Post-Quantum Universe
Did Saint Erlembaldo Really Speak to Me?

Actually, I prefer to turn the question the other way:  on what basis should we conclude that he didn’t?  In other words, what kind of reasonable evidence indicating that he spoke to me is absent from the experience I had?

Would I need to have actually seen him?  Or would I need to have physically heard his voice, clearly distinct from my own—and with my ears, rather than in the form of sub-vocalization within the confines of my own cranium?
 
There are good reasons for Erlembaldo not to have appeared to me in these ways.  If he had done so:

* I could have been diagnosed as severely out of touch with objective reality—possibly to the point of requiring involuntary hospitalization—and for who knows how long?

* I could have been startled or outright terrified to the point where I considered myself insane, and lost all will to describe this remarkable experience (or any other one) to other people.

* What language would Erlembaldo have spoken to me in?  More than ten years ago, I had  learned a few simple words of Italian from the Rosetta Stone language app, but by this point, I’d forgotten virtually all of them.
 
* Well, then, what about speaking to me in English?  Unfortunately, if my sainted ancestor knew any of my language, it would have been an 11th-century version of it—so far removed from modern American English that it would have been almost as unintelligible to me as Italian.

Now let’s consider whether it would have been appropriate for me to ask Erlembaldo for additional verification of who he was, and what his objective(s) might be.

How might equivalent behavior go over in an interaction with a normal, garden-variety celebrity?

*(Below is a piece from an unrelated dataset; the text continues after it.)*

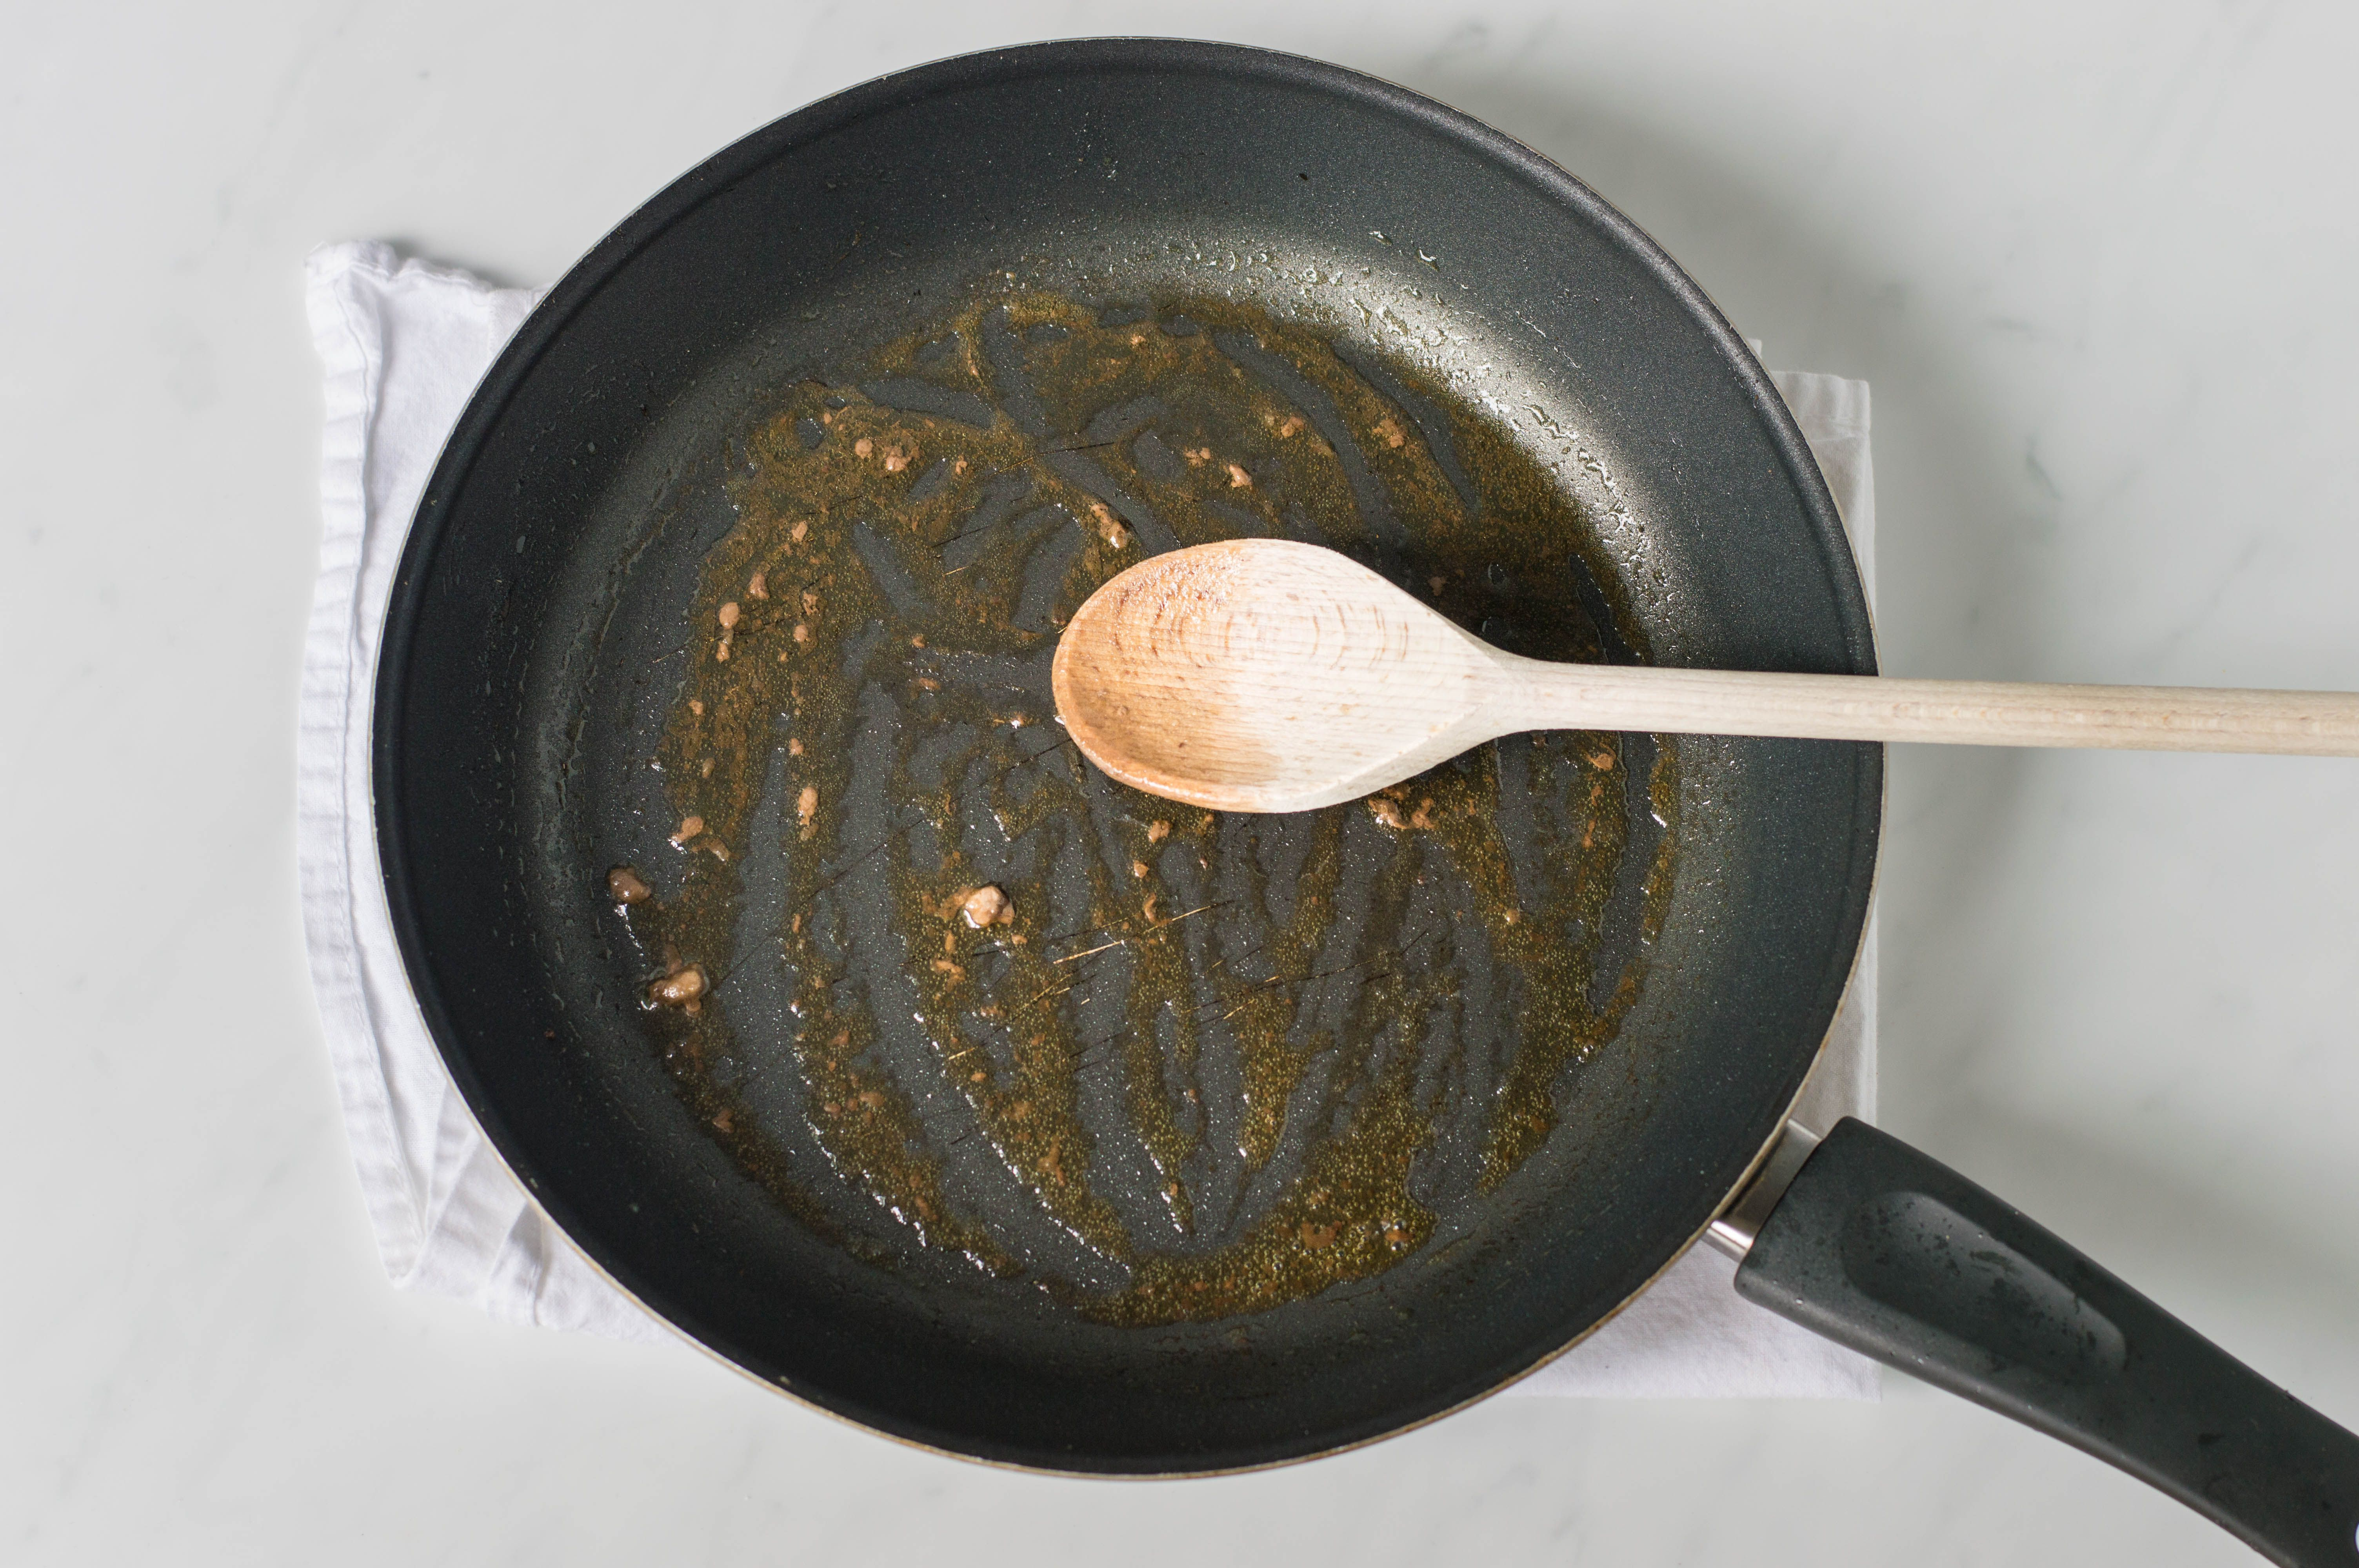 Pan drippings

What if I  recognized an NFL star on the sidewalk somewhere and asked him a question, and he graciously answered it—and then I demanded that he prove he was who he claimed to be?  Wouldn’t this be a bit weird—not to mention tacky, presumptuous, and rudely ungrateful?

Erlembaldo was a hero on a far bigger field than any football player’s—not to mention his being a saint.  For me to initiate a conversation with him, and receive a wise and useful answer in a reasonable form, and then, in effect, demand that he, of all people, show me some ID—how much more obnoxiously bizarre would that have been?